分析<em>小肠结肠炎耶尔森菌</em>效应易位到宿主细胞中使用β-内酰胺酶效应融合体
Summary
Effector translocation into host cells via a type III secretion system is a common virulence strategy among gram-negative bacteria. A beta-lactamase effector fusion based assay for quantitative analysis of translocation was applied. In Yersinia infected cells, conversion of a FRET reporter by the beta-lactamase is monitored using laser scanning microscopy.
Abstract
许多革兰氏阴性细菌包括致病耶尔森菌属使用III型分泌系统,转运的效应蛋白到真核靶细胞。在宿主细胞内的效应蛋白操纵细胞功能的细菌的益处。
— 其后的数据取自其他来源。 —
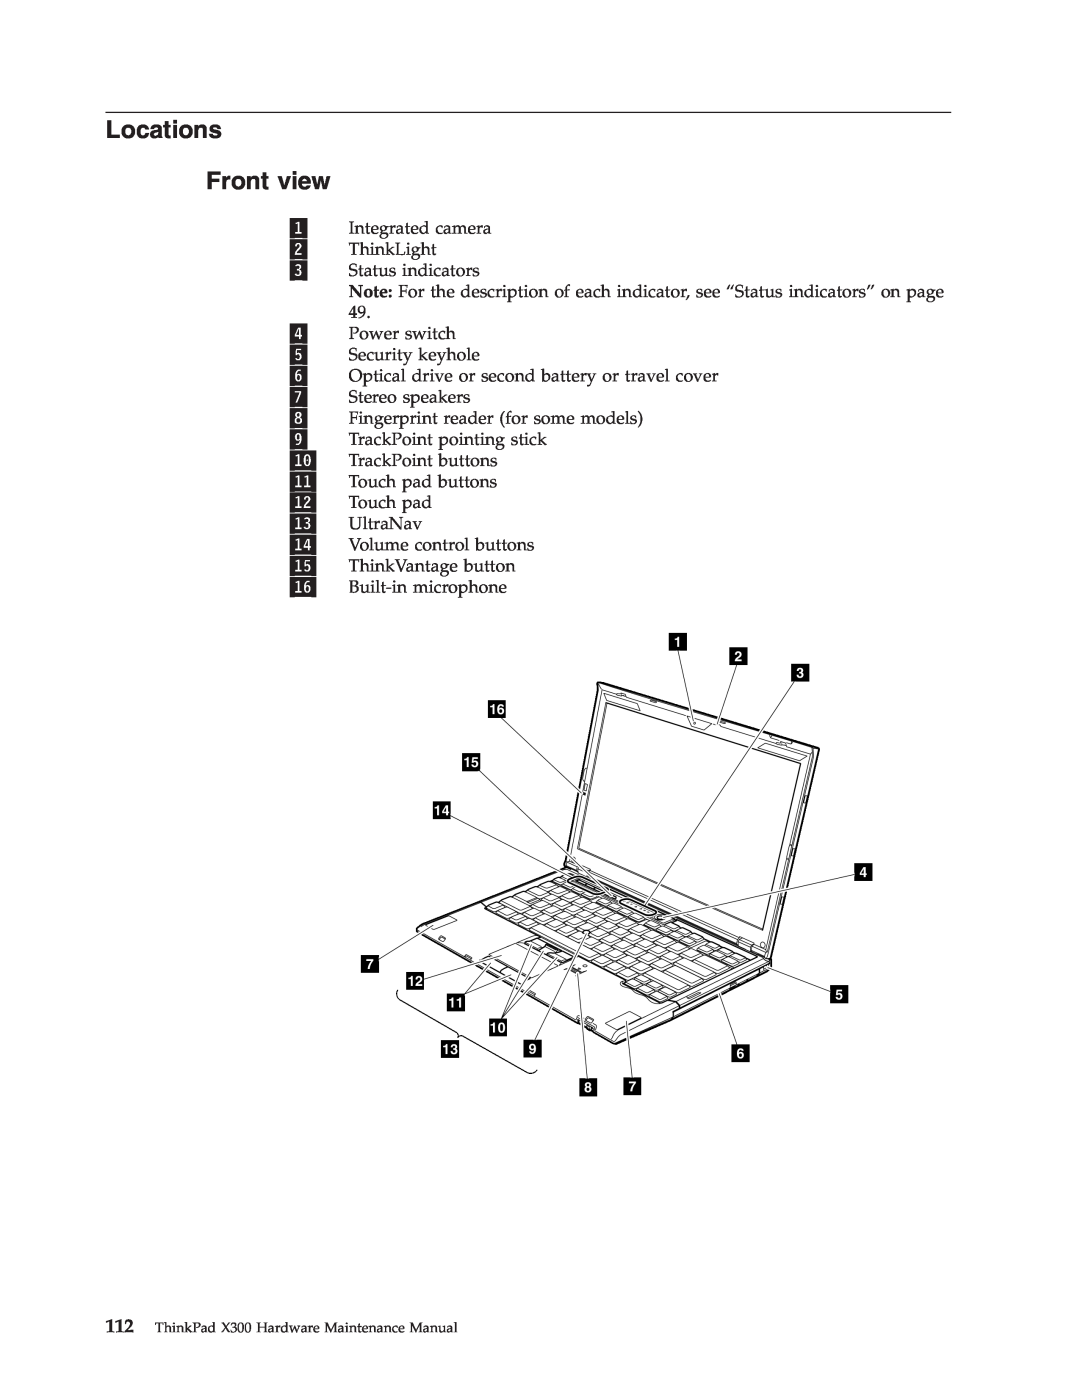 Lenovo X300 manual Locations Front view

为了更好地理解III型分泌宿主细胞相互作用,灵敏,准确的检测过程中控制测量易位是必需的。我们在这里描述了基于一小肠结肠炎耶尔森效应蛋白片段的融合的测定法(耶尔森外蛋白; YopE)的应用程序。用TEM-1β-内酰胺酶的易位的定量分析的测定法,依赖于细胞裂解渗透剂FRET染料(CCF4 / AM)通过易位β-内酰胺酶的融合。 CCF4的由β-内酰胺酶的头孢菌素核的裂解之后,从香豆素FRET荧光素被破坏,香豆素结构部分的激励导致的蓝色荧光发射。该方法的不同应用在文献中突出了其通用性已被描述。该方法允许易位体外的分析以及在体内,例如,在小鼠模型。可以用酶标仪,流式细胞仪或荧光显微镜进行检测荧光信号。在由不同耶尔森突变这里描述的,在效应子融合的体外易位至HeLa细胞中设置由激光扫描显微镜监测。通过实时β-内酰胺酶的效应融合录制FRET记者细胞内转化提供了可靠的定量结果。我们在这里展示示范性数据,由Y.展示增加易位菌 YopE突变体比野生型菌株。
Introduction
III型分泌系统,它们由不同的属的革兰氏阴性菌,直接递送细菌编码的效应蛋白到真核靶细胞利用专门蛋白出口的机器。而分泌机制本身是高度保守的,专门集效应蛋白进化的不同细菌种类中,以操纵细胞信号途径和促进特定细菌的毒力的策略1。万一耶尔森氏菌,最多七个效应蛋白,所谓Yops( 耶尔森氏菌外蛋白),被易位在宿主细胞接触并一起行动颠覆免疫细胞反应,如吞噬作用和细胞因子产生, 即,以允许细菌的胞外生存2-4。易位的处理严格控制在不同阶段5。它被确定,T3SS初级活化通过它的接触到目标策触发LL 6。然而,这种引发的精确机制仍有待阐明。在耶尔森所谓微调易位的第二电平由上调或下调细胞的Rho GTP结合蛋白的Rac1或RhoA的活性实现的。 Rac1的激活例如通过侵袭素或细胞毒性坏死因子Y(CNF-Y)导致增加的易位7-9,而GAP(GTP酶活化蛋白质)易位YopE的功能下调Rac1的活性,因此通过一个负反馈型降低易位机制10,11。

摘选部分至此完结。